Greek director Angelos Frantzis present the story of a Greek couple in dire and icy existential distress.

25 words or less: A well-concocted metaphysical thriller of a Greek couple in Siberia which sometimes sacrifices explanations to go for mutual destruction.

It pays to be a Greek couple in Siberia.  Greek director Angelos Frantzis, in his 6th feature to date, takes the Polanski route of Rosemary's Baby to put a young couple, Anna (Katia Goulioni) and Petros (Angelos Konstantinou) into questions of personal and religious faith, distress and finally abandonment.

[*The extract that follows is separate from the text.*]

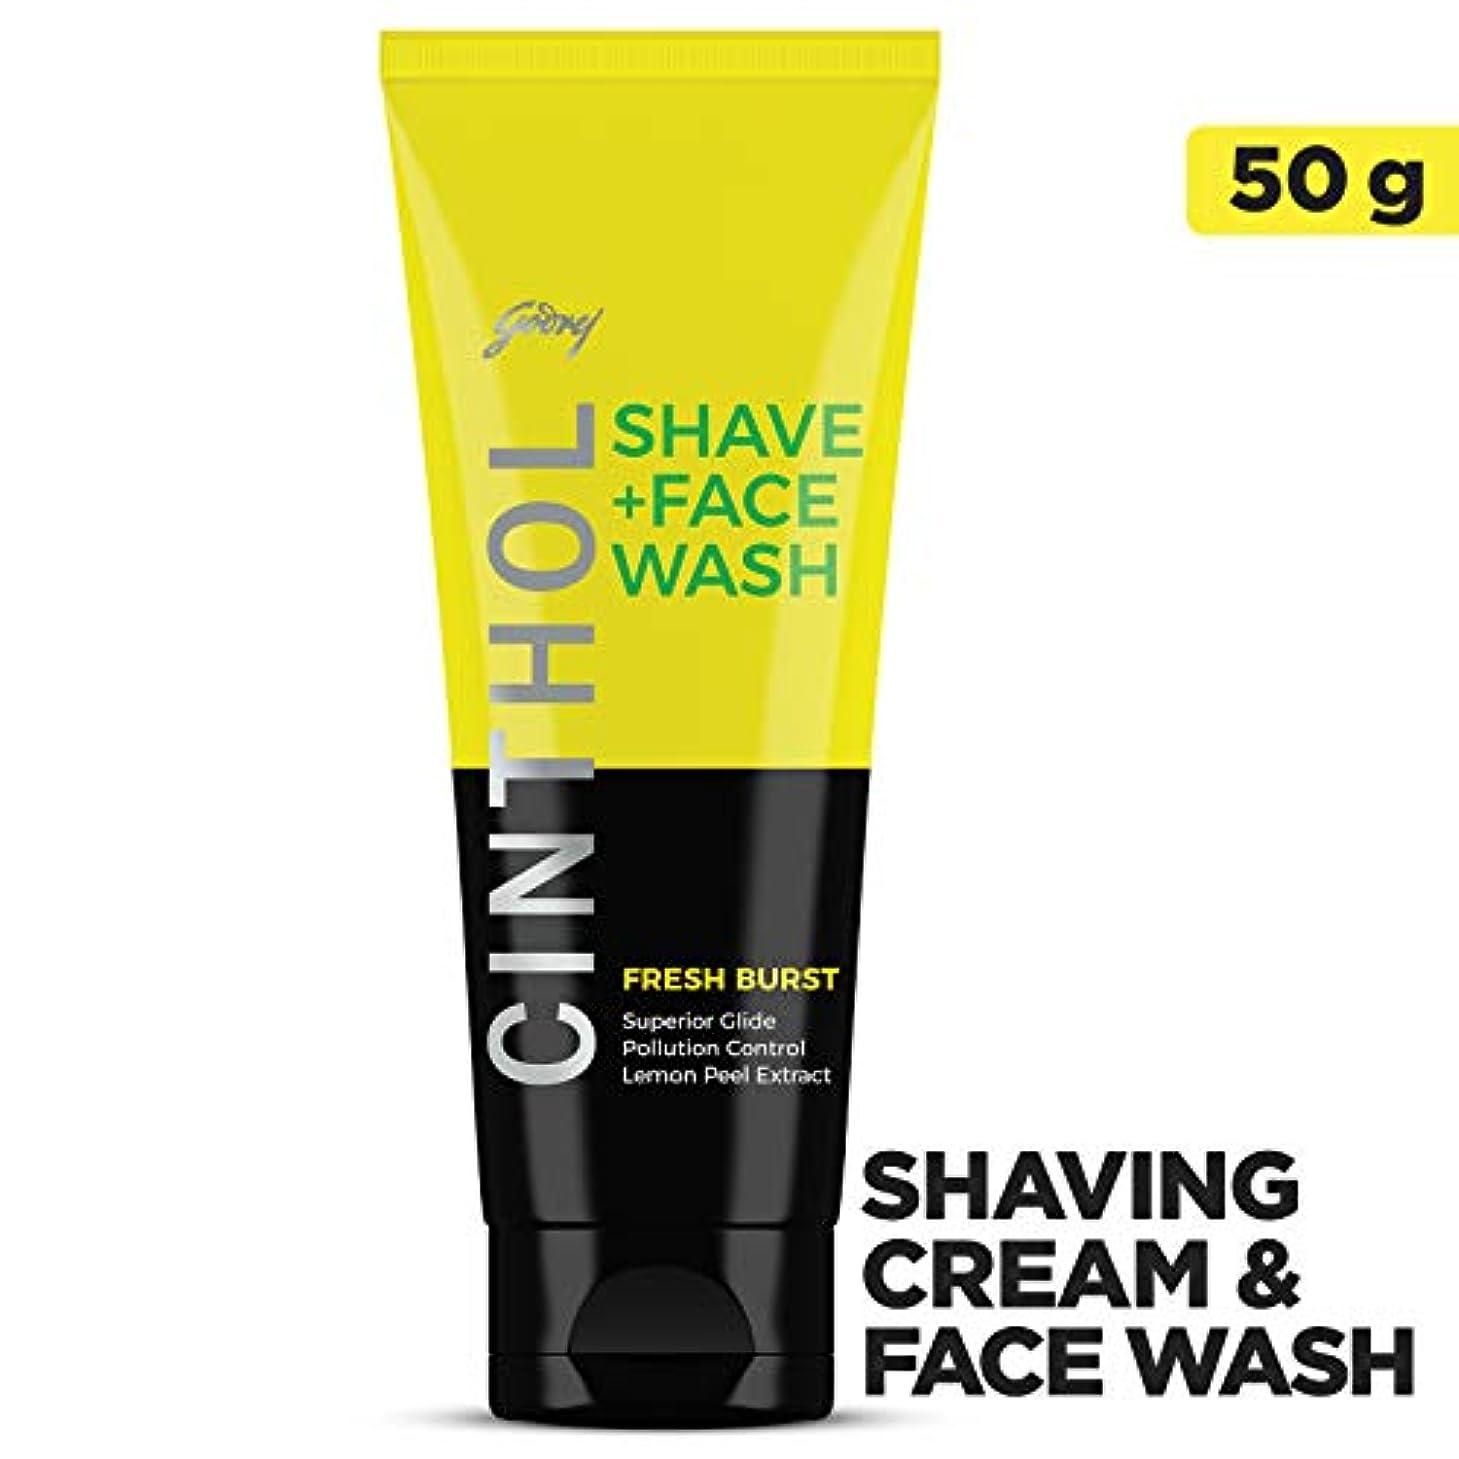 バンドル動かない素晴らしい良い多くのCinthol Fresh Burst Shaving + Face Wash, 50g
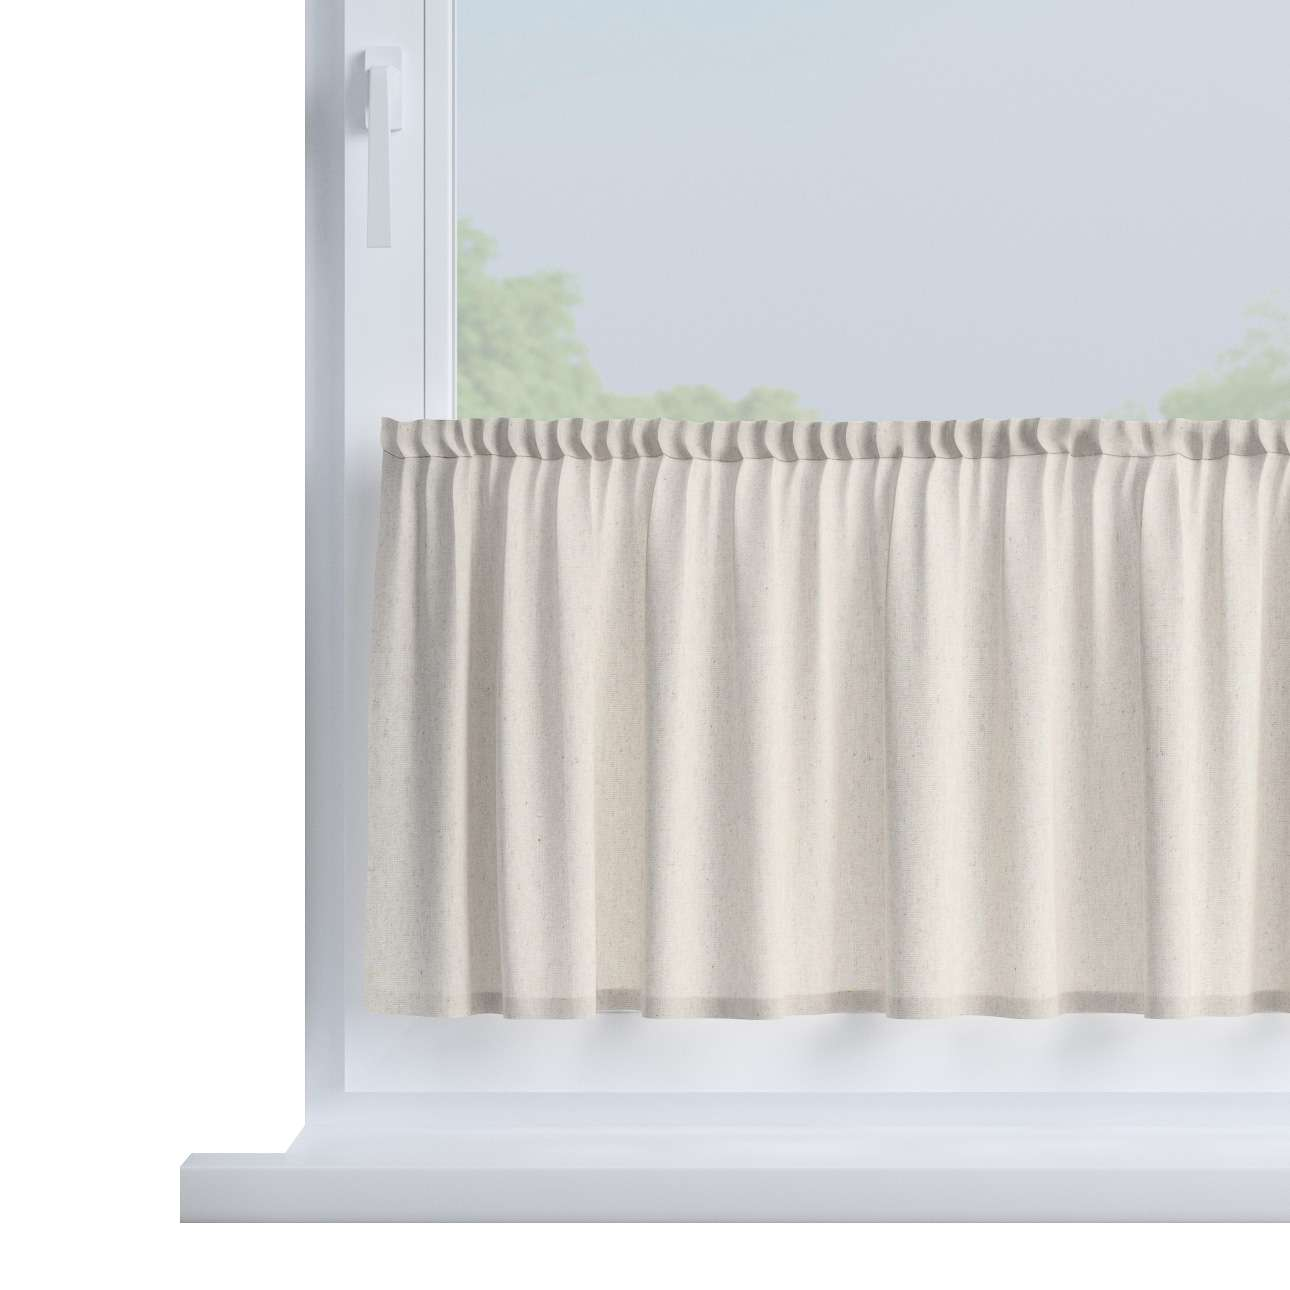 Vitrážka jednoduchá, metráž V kolekcii Loneta, tkanina: 133-65

But whereas Polanski goes for New York apartments, Frantzis moves to Siberia (in actuality, the icy forests of Latvia). During a never-ending winter, civil engineer Petros, a good-looking and ambitious and intellectual guy (watch these glasses) has a proof task: he has to convince Siberian state officials that the route of the river in their area has to be diverted, otherwise a major environmental catastrophe will ensue. It will not help a  bit that the point of diverting is adjacent to an Orthodox Church and its somehow sacred water. Both locals and officials in spacious meeting rooms will counteract his proposals, ask for alternative plans, and do whatever they can to put him off the tracks.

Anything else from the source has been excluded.